I also prefer to see women doctors in general - for many kinds of diagnosis it is necessary to undress in some degree and be closely examined, and I am just less comfortable if the doctor is a man. I chose to register with a female general practitioner, however again I have seen a male doctor for emergency appointments or when my GP is away.
I've never been to the gynecologist, but just last week I was talking to my mother about whether she prefers males or females, and she had some things to say that I thought were interesting.
She likes her male gynecologist better than some of the females she's been to, and she suggested that maybe it was because the men had more reverence for those parts and for childbearing ability because they don't have them. She said that when she was giving birth with a male ob/gyn assisting, he was very comforting, gentle, and supportive, and seemed to reflect her awe after the birth (though he'd probably seen hundreds of others), whereas her experience giving birth with a female ob/gyn was not very good.
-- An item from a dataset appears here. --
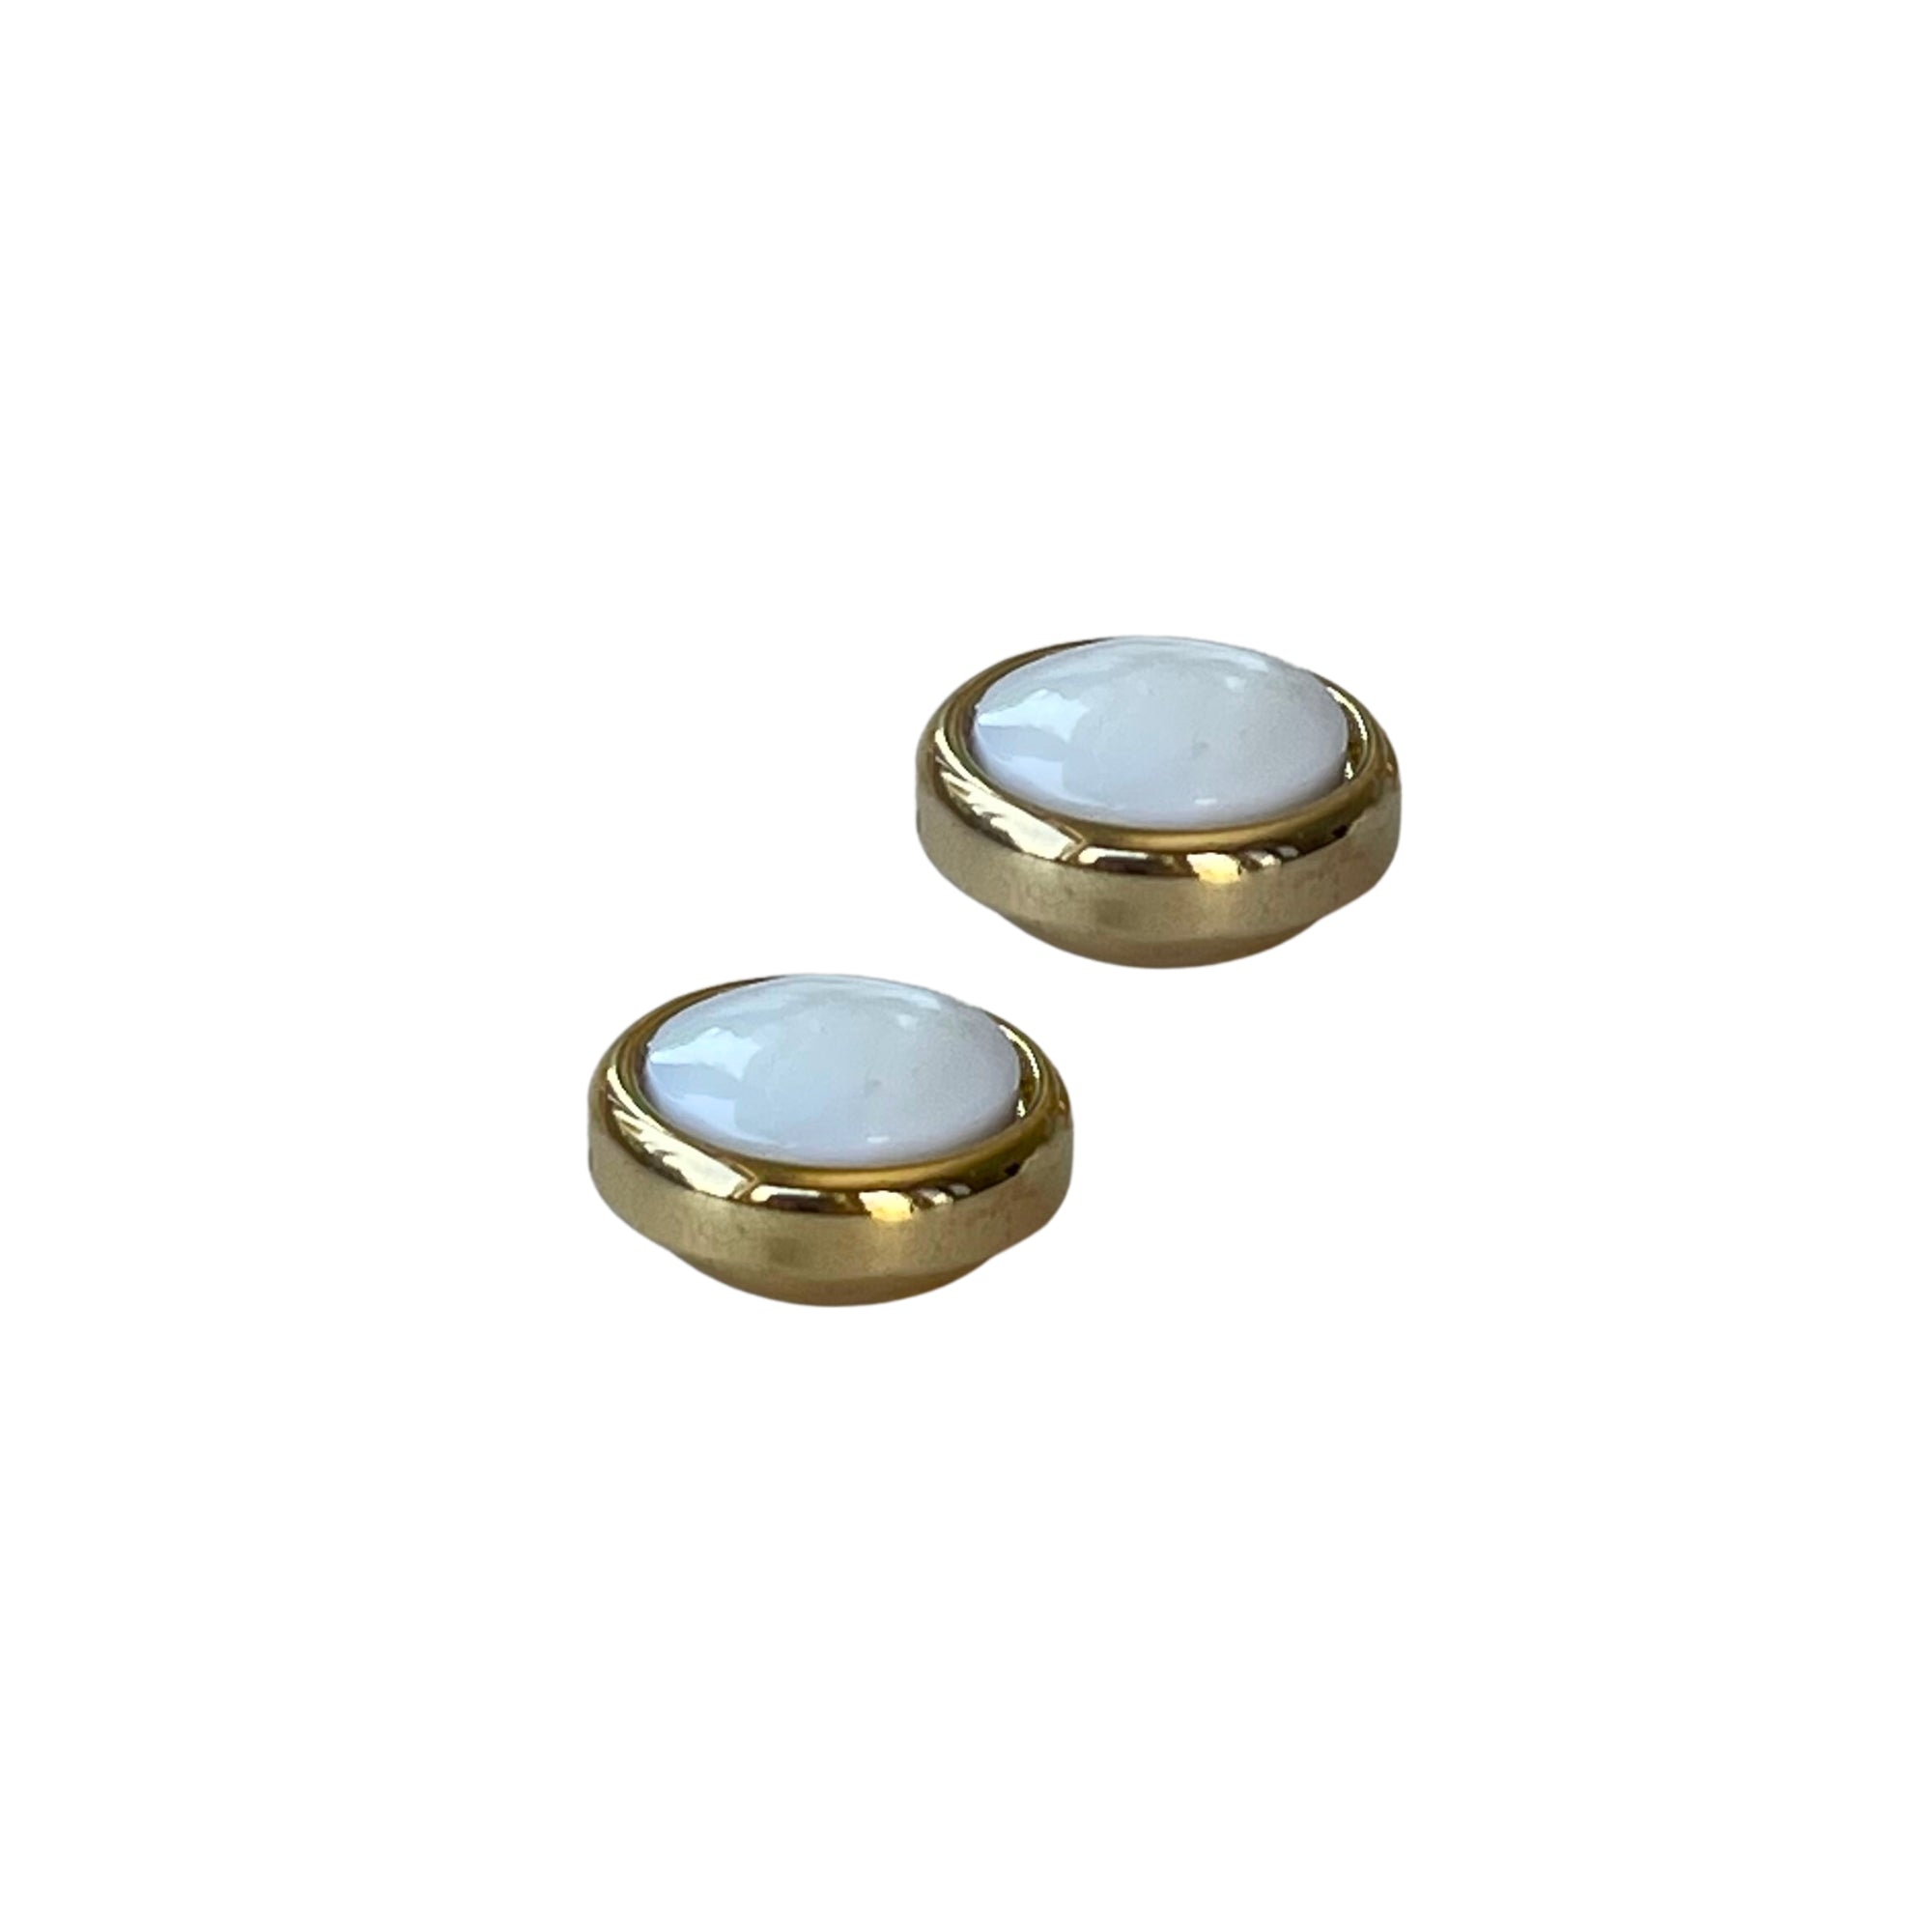 Weiße Ohrringe mit Magnetverschluss aus Perlmutt - Durchmesser: 1,2 cm - Vergoldet - Der Magnetverschluss erleichtert das Anlegen und sorgt dafür, dass der Ohrring fest im Ohr sitzt

The woman, she said, was very detached and didn't seem to have any regard for what she was feeling. She did painful things without warning my mom first then said, "Don't scream, you'll hurt the baby," and didn't seem to understand or respect my mom's feelings.
Personally, I don't think the gender of the ob/gyn matters nearly as much as their attitude toward what they do. I think they should be empathetic and should have repect for the trust that each patient gives them to allow them to examine their "private parts". They should be able to support women emotionally through the birthing process and realize that it is not just a physical process for the woman involved. People of both genders can do that, and these are the things I'll be looking for in a gynecologist when I need one. So I guess it won't matter to me.
I haven't been to a gynecologist yet but I think I'd be more comfortable with a female gynecologist instead of a male. Either would be fine though.